Task
The answer must be the lines from the one that holds "Abrar Ahmed ki taza nazmain - Zafar Iqbal" through the final line of the data, copied exactly, with no pictures.

Information supplied
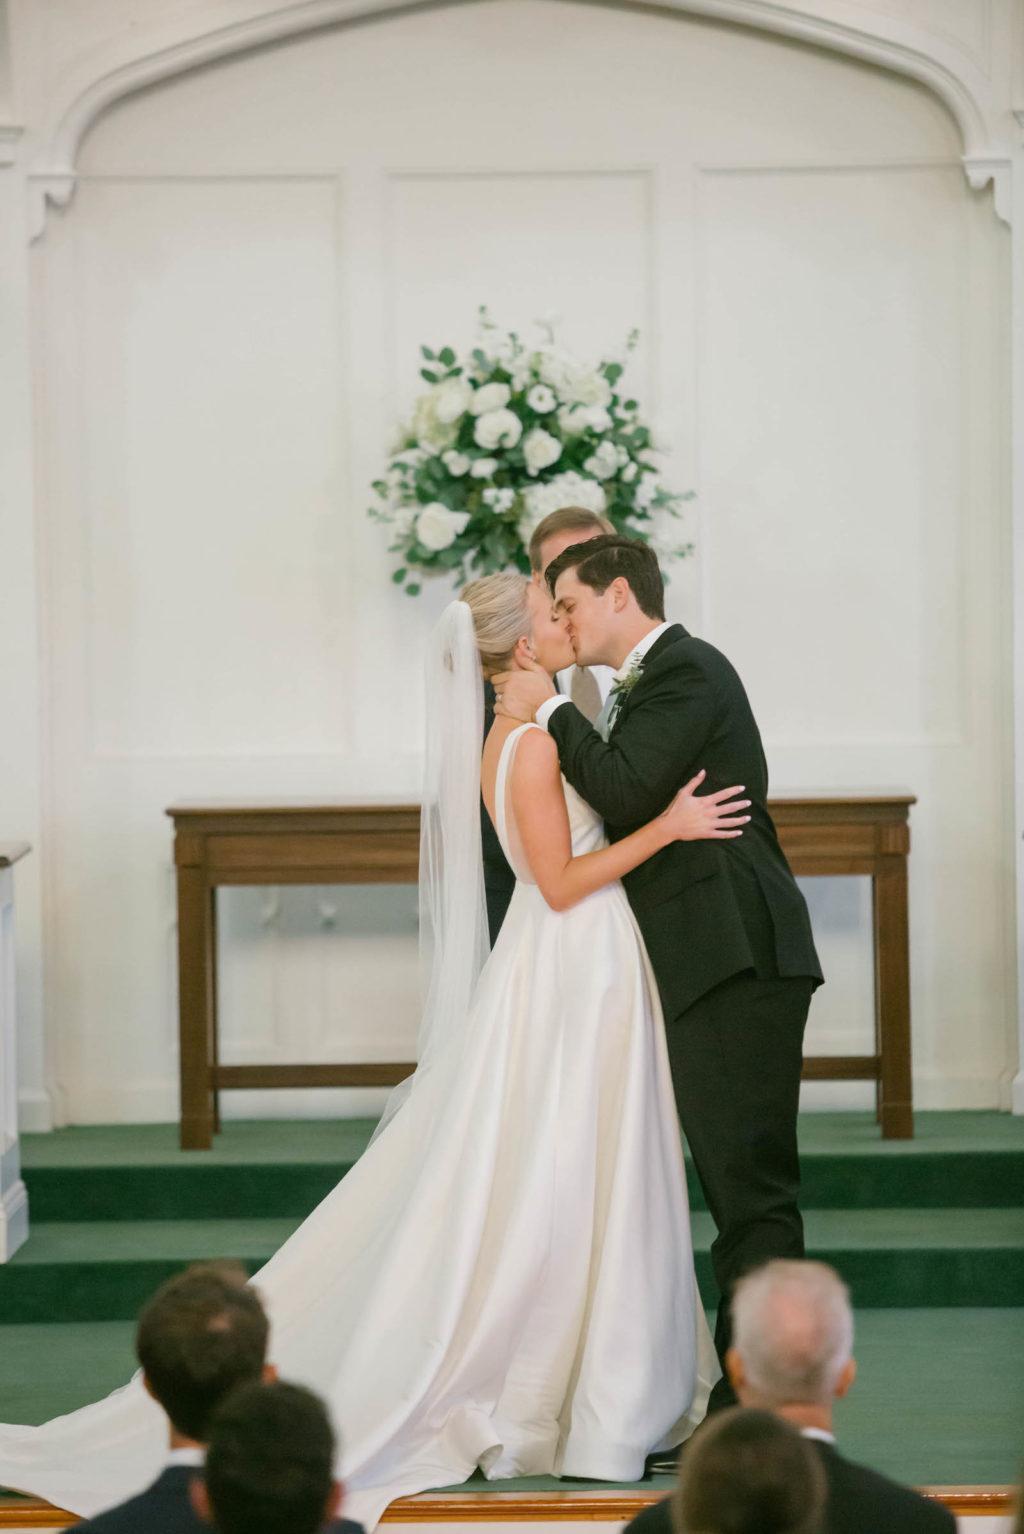 Bride and Groom First Kiss at the Altar | South Tampa Holy Trinity Presbyterian Church Wedding Ceremony
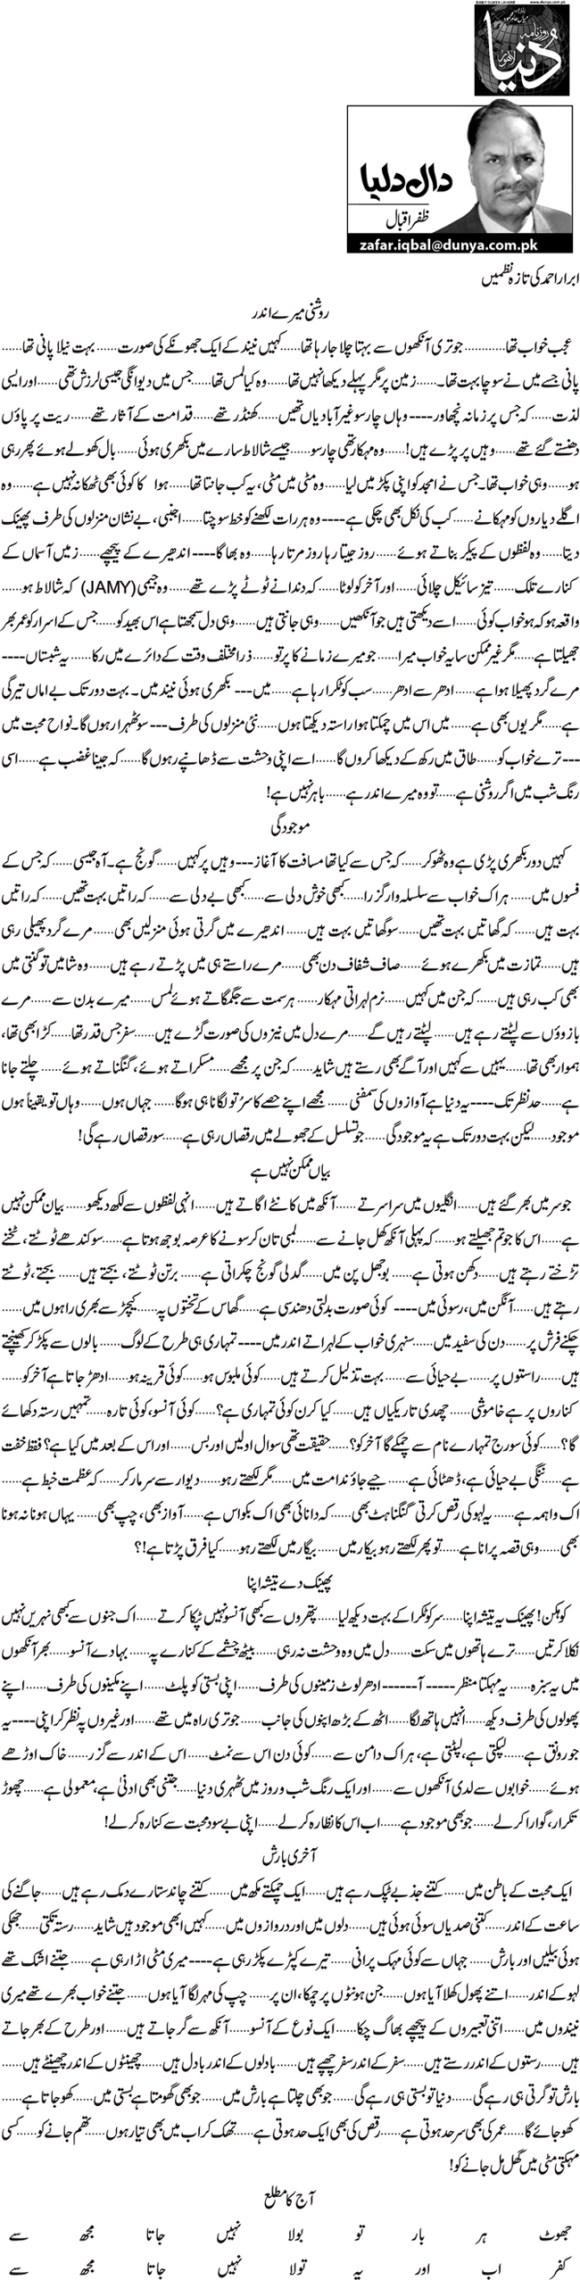 Abrar Ahmed ki taza nazmain - Zafar Iqbal
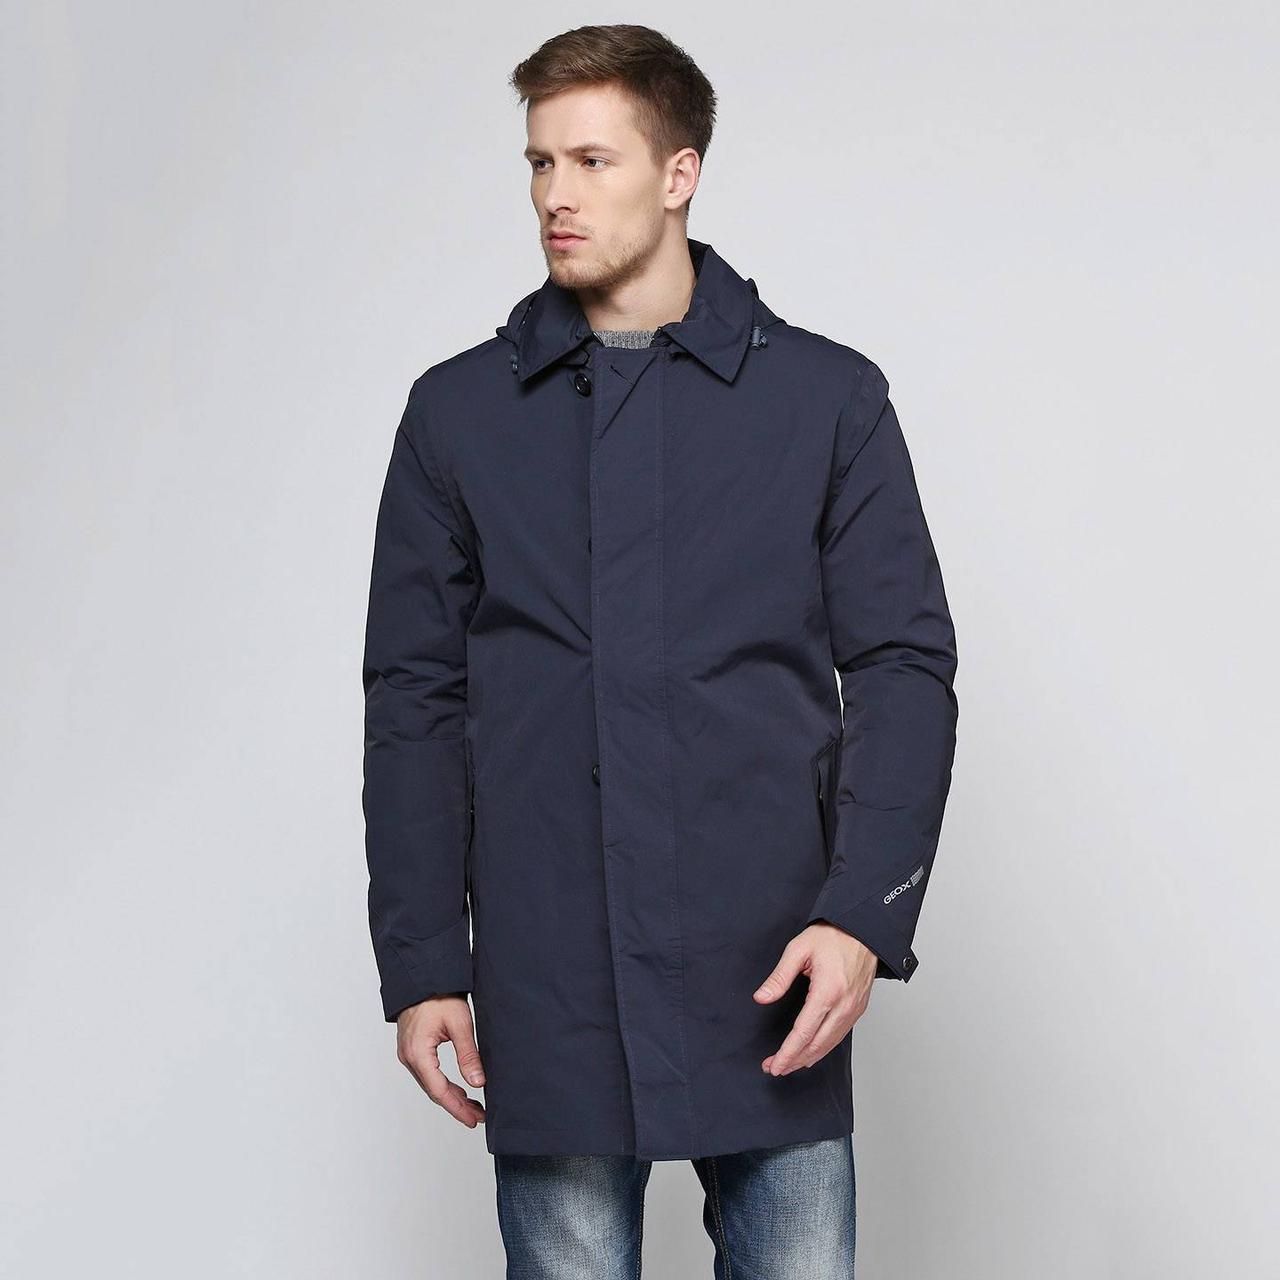 4aab0cae8c61 Куртка мужская Geox M3221C 48 Синий M3221CBL-48, КОД  305258 - Интернет-

Your response
 Abrar Ahmed ki taza nazmain - Zafar Iqbal
 4aab0cae8c61 Куртка мужская Geox M3221C 48 Синий M3221CBL-48, КОД  305258 - Интернет-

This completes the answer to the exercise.